A potential breakthrough in the fight against COVID-19 transmission is gaining momentum this week as CastleVax pushes forward with its Phase II clinical trials for CVAX-01, a next-generation intranasal COVID-19 vaccine. In a significant development announced on January 13, 2026, the pharmaceutical developer confirmed the integration of advanced nasal delivery technology from Aptar Pharma to administer the mucosal vaccine. This trial, involving 200 U.S. adults, represents a critical step toward achieving what scientists call the "holy grail" of pandemic defense: a needle-free booster capable of blocking the virus at its point of entry.

Targeting the Transmission Gap with Mucosal Immunity

While current injectable mRNA vaccines have been effective at preventing severe illness and death, they have faced limitations in halting the transmission of the virus. This is largely because intramuscular injections primarily generate IgG antibodies in the blood, which protect the lungs but do little to stop the virus from colonizing the nose and throat.

CastleVax’s CVAX-01 aims to solve this by inducing mucosal immunity—specifically, the production of secretory IgA antibodies in the respiratory tract. By creating an immune barrier in the nose, the vaccine is designed to neutralize the virus before it can infect cells or be transmitted to others.

“This Phase 2 study represents a major step forward towards our goal to develop a next-generation COVID-19 booster vaccine capable of eliciting mucosal immunity and protecting against SARS-CoV-2 breakthrough infection and transmission,” said Dr. Michael A. Egan, CEO and Chief Scientific Officer of CastleVax.

Inside the CVAX-01 Phase II Trial

The ongoing Phase II study is a head-to-head comparison between the intranasal CVAX-01 candidate and a standard FDA-approved mRNA injectable vaccine. The trial is enrolling approximately 200 participants across the United States, with a specific focus on including high-risk demographics such as seniors aged 65 and older.

Researchers will monitor participants for six months to evaluate several critical metrics:

  • Safety and Tolerability: Assessing the side effect profile of the nasal spray compared to the fever and fatigue often associated with mRNA shots.
  • Mucosal Immunogenicity: Measuring the levels of IgA antibodies in the nasal passages.
  • Systemic Protection: Ensuring the vaccine also provides robust IgG protection in the bloodstream.

The study utilizes a Newcastle Disease Virus (NDV) vector platform, a technology developed by renowned scientists at the Icahn School of Medicine at Mount Sinai. This platform expresses a stabilized version of the SARS-CoV-2 spike protein (HexaPro), designed to trigger a potent immune response without the use of needles.

Aptar Pharma Technology Drives Delivery

Crucial to the success of this trial is the delivery mechanism. On January 13, Aptar Pharma formally announced that its Bidose Liquid Nasal Spray System, utilizing the LuerVax® and Spray Divider™ technologies, is the exclusive delivery device for the CVAX-01 study.

Precise delivery is a major challenge for intranasal vaccines; if the dose drips out of the nose or is swallowed, it may not trigger the necessary immune response in the nasal mucosa. Aptar’s technology ensures the vaccine is atomized into a fine mist that coats the target tissues effectively, maximizing the potential for creating a protective immune barrier.

Why Next-Gen Vaccines Matter in 2026

As we move through 2026, the landscape of COVID-19 continues to evolve with new variants. The persistence of transmission waves has highlighted the need for "Project NextGen" solutions—vaccines that do more than just mitigate symptoms. The CastleVax CVAX-01 trial is part of a broader push, supported by funding from BARDA and the New York State Biodefense Commercialization Fund, to bring second-generation tools to the public.

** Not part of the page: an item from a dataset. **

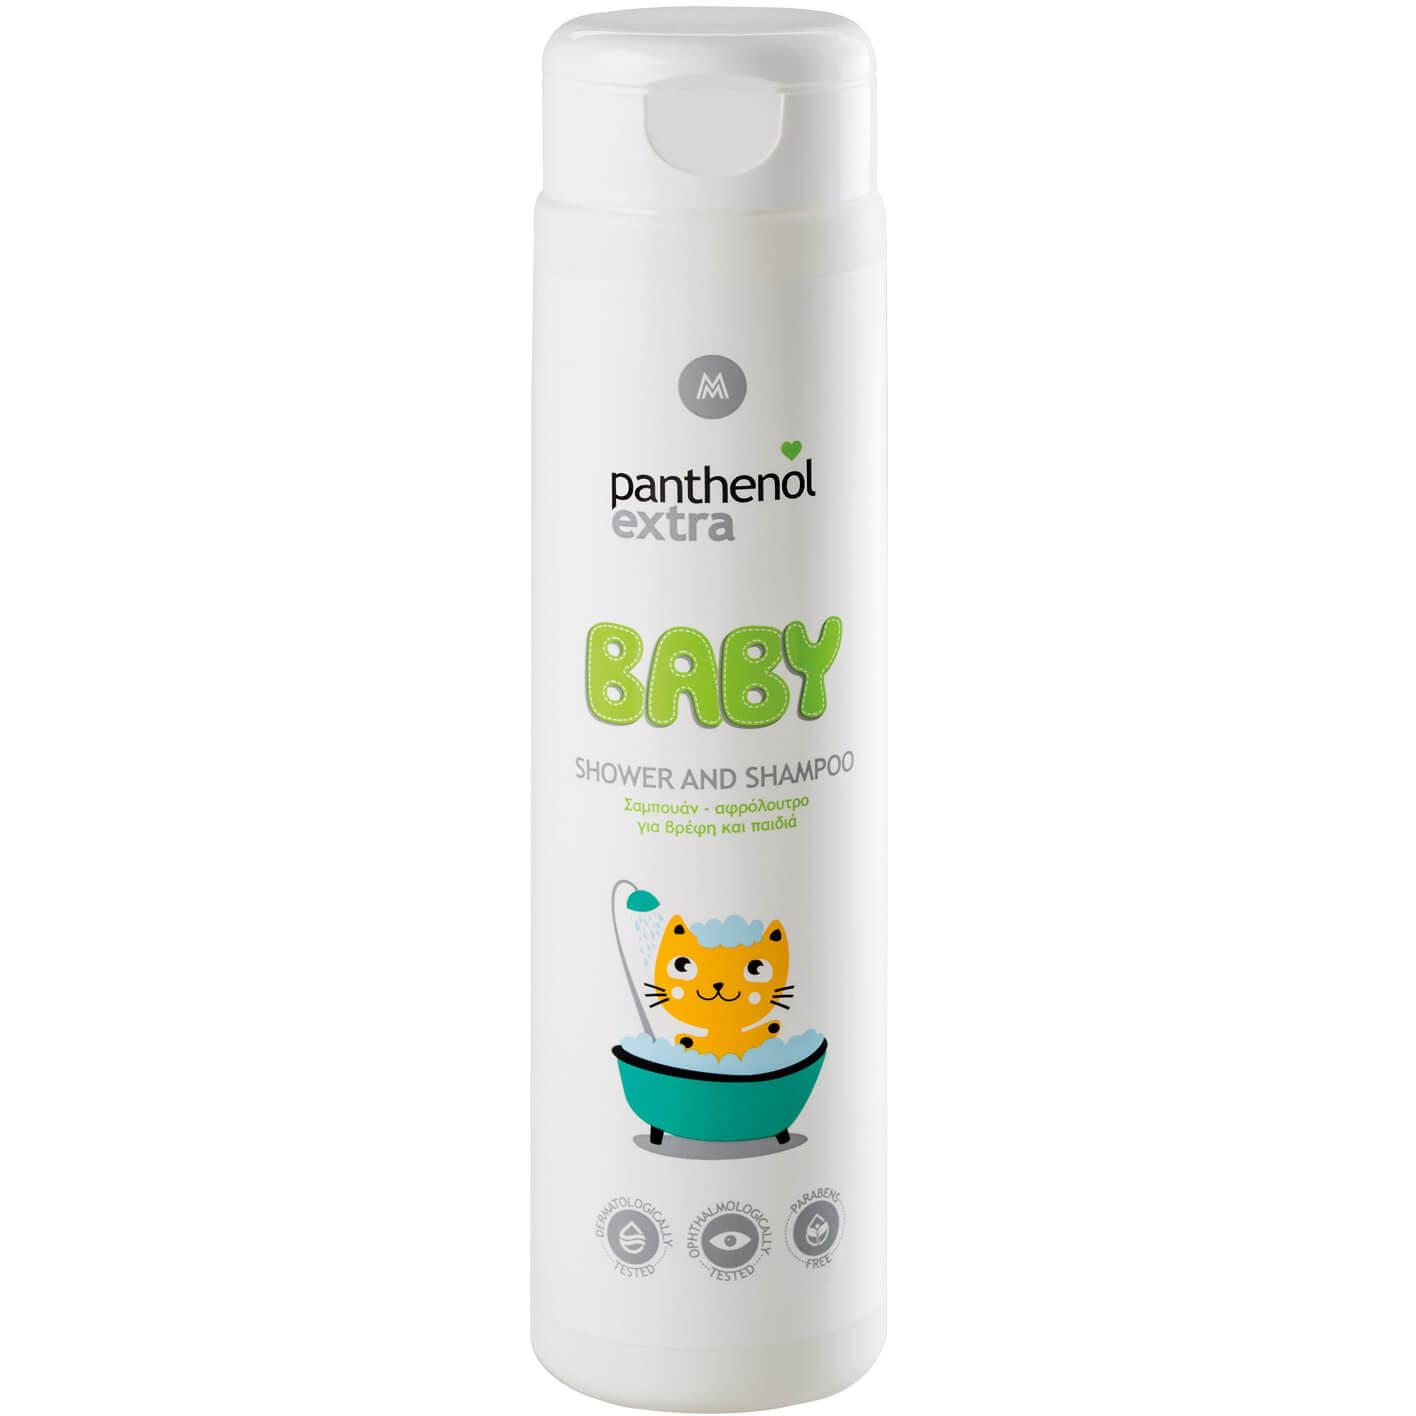 Panthenol Extra Baby Shower & Shampoo Σαμπουάν – Αφρόλουτρο για Βρέφη & Παιδιά 300ml

Unlike mRNA vaccines, which require ultra-cold storage, the NDV-based CVAX-01 can potentially be stored at standard refrigerator temperatures or even be more stable, making it a viable option for global distribution. Furthermore, the needle-free nature of the vaccine addresses a significant barrier to uptake: needle phobia.

Looking Ahead: The Path to Approval

If the Phase II data confirms that CVAX-01 elicits superior mucosal protection compared to standard shots, CastleVax plans to advance to larger Phase III efficacy trials. The company has already seen success with similar formulations internationally; an inactivated version of the vaccine has previously received emergency use authorization in Thailand and Mexico.

For now, all eyes are on the 200 participants helping to determine if a simple nasal spray can finally close the door on COVID-19 transmission.